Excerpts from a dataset

● ● ● ● ● ● ●

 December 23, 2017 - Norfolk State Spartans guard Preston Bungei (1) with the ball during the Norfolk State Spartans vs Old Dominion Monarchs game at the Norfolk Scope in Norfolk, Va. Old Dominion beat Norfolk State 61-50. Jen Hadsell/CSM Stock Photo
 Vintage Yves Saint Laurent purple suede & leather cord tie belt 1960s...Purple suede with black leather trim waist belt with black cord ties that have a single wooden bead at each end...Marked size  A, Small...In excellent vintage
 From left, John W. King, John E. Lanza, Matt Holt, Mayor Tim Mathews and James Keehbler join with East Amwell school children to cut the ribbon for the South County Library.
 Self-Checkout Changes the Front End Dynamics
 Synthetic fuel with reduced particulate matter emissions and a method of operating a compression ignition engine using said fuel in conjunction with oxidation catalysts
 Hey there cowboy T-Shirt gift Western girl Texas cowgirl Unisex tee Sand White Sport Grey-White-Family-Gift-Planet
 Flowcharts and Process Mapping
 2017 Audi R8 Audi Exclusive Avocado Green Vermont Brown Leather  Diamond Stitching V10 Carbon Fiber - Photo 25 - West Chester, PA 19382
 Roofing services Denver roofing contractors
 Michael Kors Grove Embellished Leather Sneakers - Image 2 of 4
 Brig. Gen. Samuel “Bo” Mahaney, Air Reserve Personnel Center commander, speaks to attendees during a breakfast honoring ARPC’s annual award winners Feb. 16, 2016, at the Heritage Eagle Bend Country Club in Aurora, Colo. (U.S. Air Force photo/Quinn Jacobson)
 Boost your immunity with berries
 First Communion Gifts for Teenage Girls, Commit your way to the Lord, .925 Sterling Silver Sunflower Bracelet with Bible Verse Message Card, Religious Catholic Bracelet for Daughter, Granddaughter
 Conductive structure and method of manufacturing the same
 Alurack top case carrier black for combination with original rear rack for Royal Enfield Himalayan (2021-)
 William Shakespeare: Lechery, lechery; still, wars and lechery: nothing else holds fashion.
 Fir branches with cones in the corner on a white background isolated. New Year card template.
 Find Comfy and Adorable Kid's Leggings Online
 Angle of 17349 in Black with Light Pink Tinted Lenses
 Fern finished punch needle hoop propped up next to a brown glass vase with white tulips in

● ● ● ● ● ● ●

WORK REQUEST:
Produce a verbatim copy of the lines from the one holding "Angle of 17349" to the final line of the data, and nothing more.

RESPONSE FOR THIS EXERCISE:
 Angle of 17349 in Black with Light Pink Tinted Lenses
 Fern finished punch needle hoop propped up next to a brown glass vase with white tulips in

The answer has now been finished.